3. Experimental Validation

3.1. Dataset Description and Experimental Equipment Parameters

To validate the performance of the single-image sample augmentation method for Side-scan sonar underwater targets based on CBL-sinGAN in target detection, this paper designed various comparative experiments. For the augmentation of shipwreck targets, 215 shipwreck images with different shapes and backgrounds, 62 airplane images, 115 fish swarm images, and 2 underwater diver images were selected. Using the network, 2650 augmented images were generated. These augmented images, along with other real Side-scan sonar shipwreck images, were used in several experiments. The hardware used for model training included an Intel^® Core™ i7-13700KF CPU and an NVIDIA GeForce RTX 4070 GPU with 12 GB. The software compilation environment was PyTorch 1.6.0, CUDA 11.8, and Python 3.10 under Windows 10. Some of the datasets are shown as follows in Figure 3:

3.2. Evaluation Metrics

The evaluation of images is mainly based on feature diversity and structural similarity to assess the quality of style transfer images. According to the study in [37], in this paper, we select Fréchet Inception Distance (FID), Kernel Maximum Mean Discrepancy (MMD), and Inception Score (IS) as the metrics for image quality assessment. FID is used to measure the quality of images generated by Generative Adversarial Networks (GANs). It compares the similarity between the distribution of generated images and real images. A lower FID score indicates that the distribution of generated images is closer to that of real images, implying better quality. It is particularly adept at capturing the diversity and variation in generated images. MMD is a statistical test used to determine if two samples come from different distributions. A smaller MMD value indicates that the two distributions are more similar. In the context of generative models, a lower MMD means that the generated data are closer to the real data distribution. IS is another metric used to evaluate the quality of images generated by GANs. It measures the diversity of generated images and the clarity or distinctiveness of these images. A higher IS indicates that the model has generated a variety of unique images, each with clear and confident category predictions.

3.3. Analysis of Augmented Image Quality

In this paper, image augmentation was performed for shipwrecks, airplanes, fish swarms, and underwater divers. Representative images with different backgrounds were selected for training. Some examples of the augmented samples are shown in the following Figure 4:

For the four types of expansion targets above, calculations were performed for their respective categories’ FID, MMD, and IS metrics to assess image quality. Among these metrics, a smaller FID is better, MMD closer to 0 is better, and a larger IS is better.

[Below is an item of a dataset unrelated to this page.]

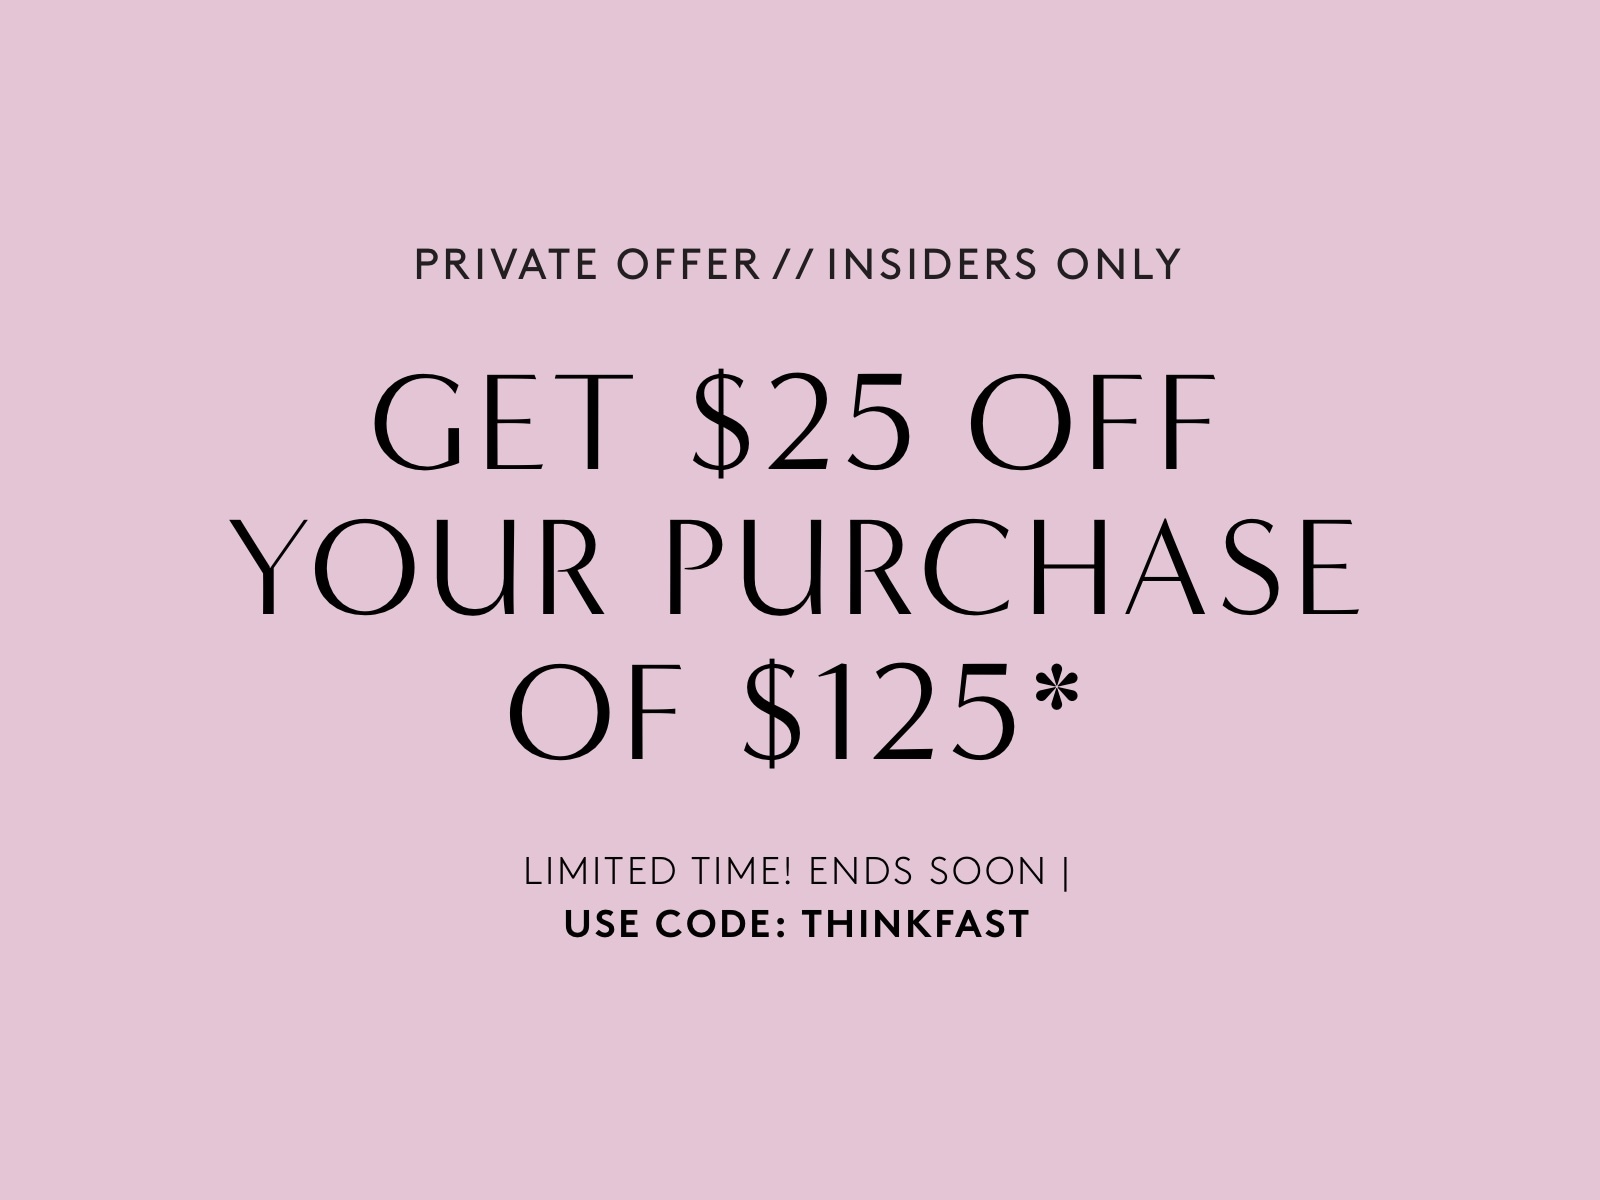 Insiders only! Get $25 off your purchase of $125 with code: THINKFAST

In an overarching analysis, it is evident that the FID values for all categories fall within a relatively high range, as illustrated in Table 1. It is worth considering that FID may have varying benchmark values for Side-scan sonar images. From the perspective gleaned from the work by Tang et al. [11], these numerical values still signify commendable generative quality in the context of side-scan sonar image augmentation. Turning our attention to the IS metric, it is noteworthy that all categories exhibit IS values surpassing the threshold of 3.9. This suggests that the generated images possess a discernible degree of clarity and diversity. Additionally, it is worth noting that the MMD values for all categories hover around 0.2, indicating a notable similarity in statistical characteristics between the generated images and their real counterparts.

Engaging in a vertical comparative analysis of the metrics reveals the following trends:

FID: Among the categories, the “Boat” category displays the most favorable performance with the lowest FID score. An analysis of this phenomenon suggests that the abundance of shipwreck images may facilitate enhanced model learning and style replication, consequently yielding images that closely resemble real ones.

IS: The “Fish” category outperforms others in terms of the IS metric. This can potentially be attributed to the substantial presence of fish targets, often characterized by smaller dimensions. This observation implies that the Singan network excels when confronted with the challenge of generating diverse and complex images of small targets.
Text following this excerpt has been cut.